Sabine John (née Möbius, divorced Paetz, born 16 October 1957) is a retired East German heptathlete. She broke the world record in 1984 with a score of 6946 points, and won silver medals at the 1983 World Championships, and the 1988 Olympic Games.

Career
Born in Döbeln, Bezirk Leipzig, John competed for the sports club SC DHfK Leipzig during her career. As Sabine Mobius, she won the silver medal in the heptathlon at the 1982 European Championships, behind fellow East German Ramona Neubert. Competing under her first married name of Sabine Paetz, she won the silver medal in the heptathlon at the 1983 World Championships, again behind Neubert.
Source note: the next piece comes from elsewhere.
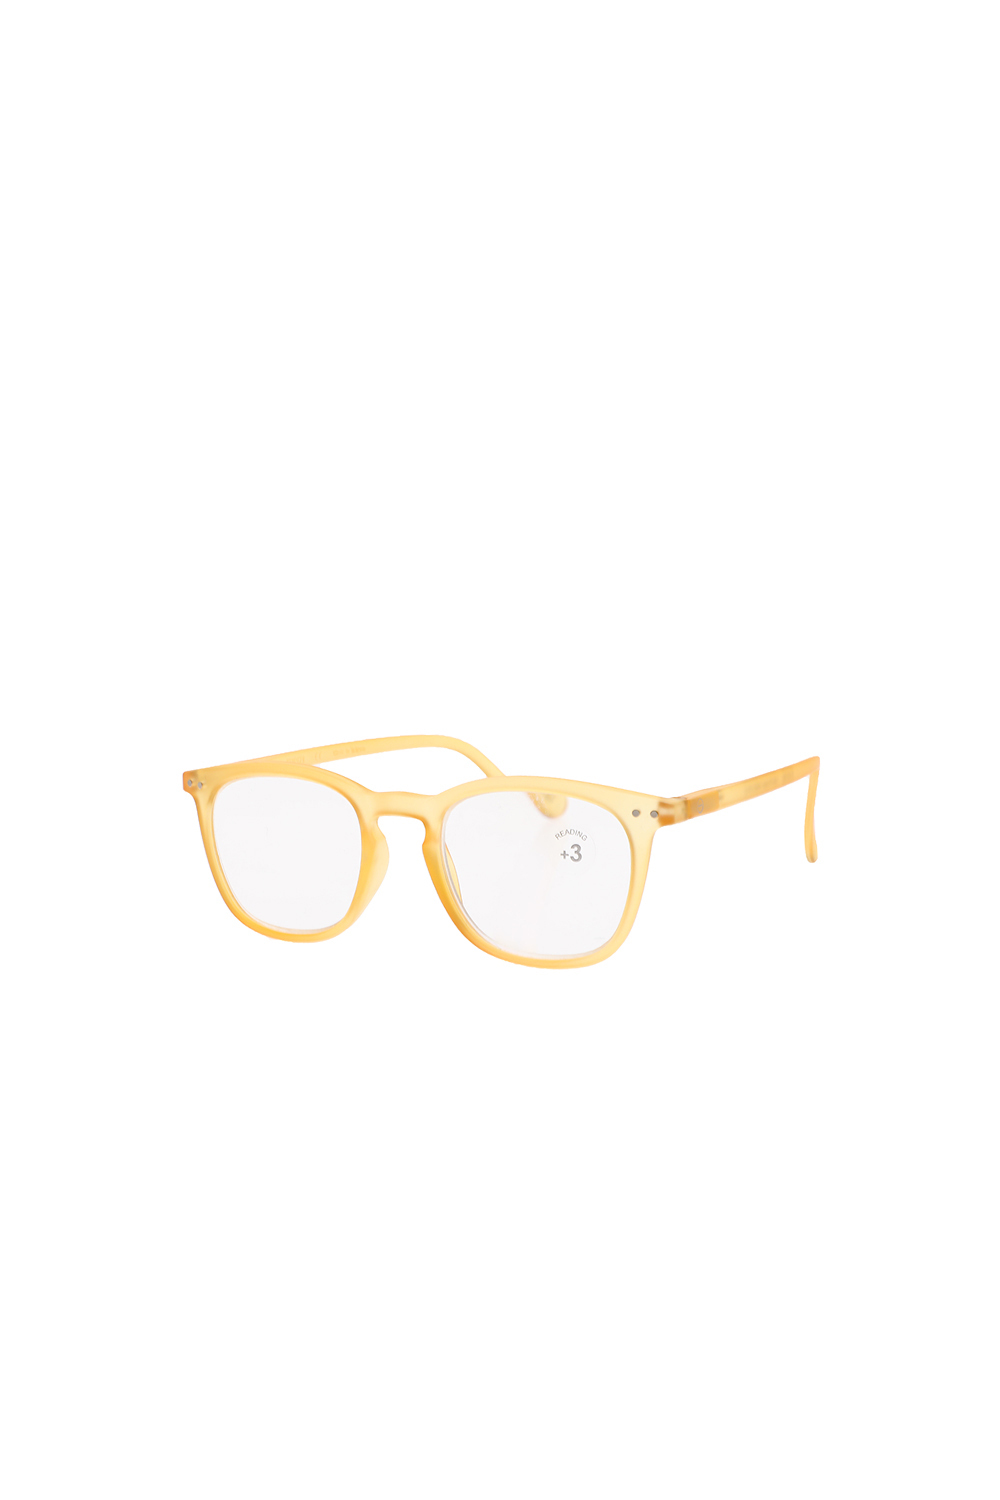 IZIPIZI - Unisex γυαλιά οράσεως IZIPIZI READING #E κίτρινα Γυναικεία/Αξεσουάρ/Γυαλιά/Οράσεως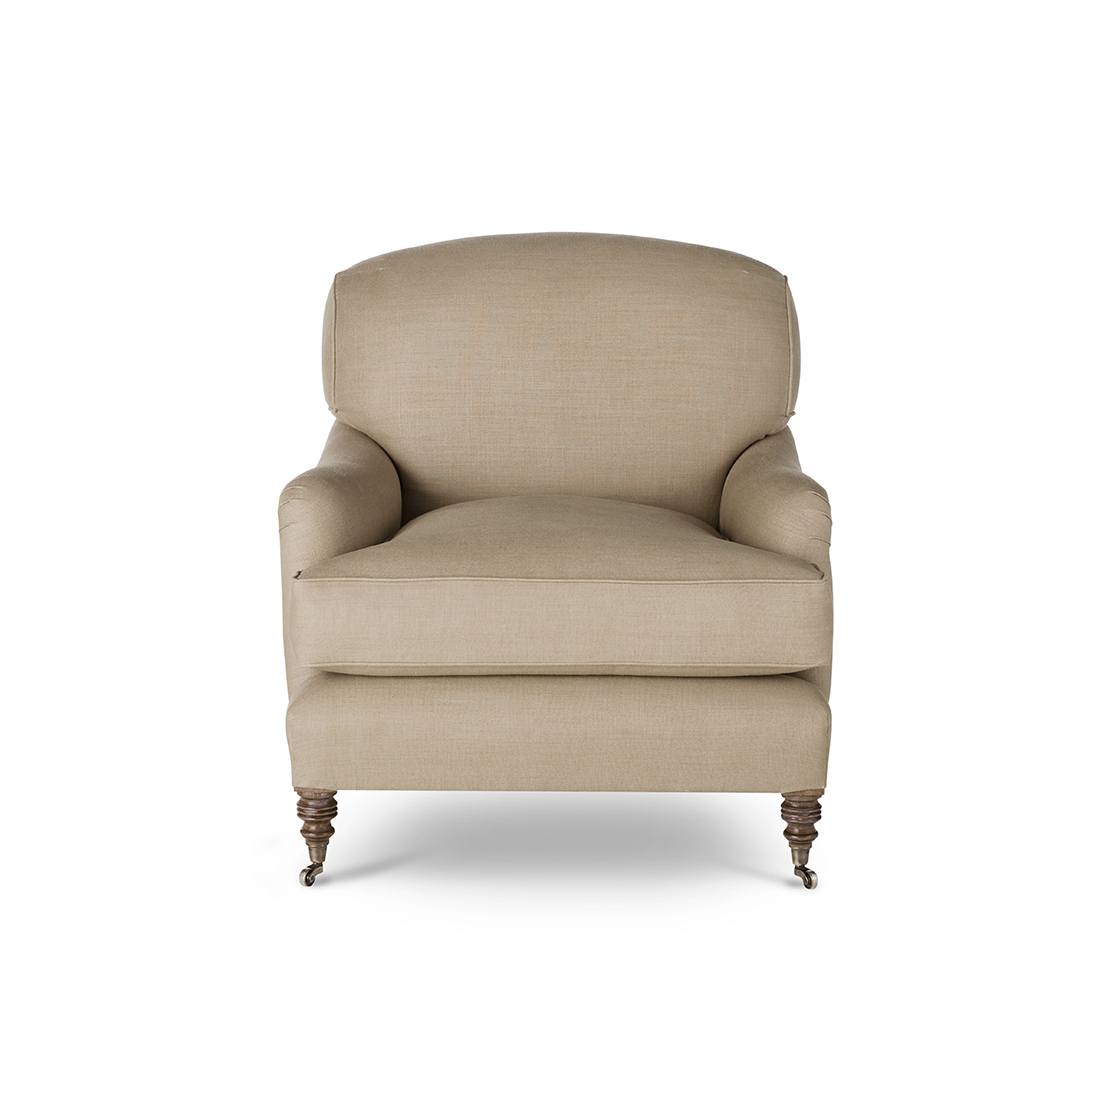 Howard chair in Bantry linen - Dark honey - Beaumont & Fletcher

On 6 May 1984, she broke Neubert's world record of 6935 points, with a score of 6946 in Potsdam. This score ranks her second on the German all-time list behind Sabine Braun, and eighth on the world all-time list. She was prevented from competing at the 1984 Olympic Games due to the Soviet-led boycott, but did finish second to Yordanka Donkova in the 100 metres hurdles at the 1984 Friendship Games.  She finished fourth at the 1986 Goodwill Games with a score of 6456, in a competition won by Jackie Joyner-Kersee with the world record score of 7148.

Competing under her second married name of Sabine John, she won the silver medal in the heptathlon at the 1988 Olympic Games in Seoul with the second best score of her career, 6897 points. The competition was won with the still-standing 7291 point world record performance of Jackie Joyner-Kersee. In Seoul, John also finished eighth in the long jump final.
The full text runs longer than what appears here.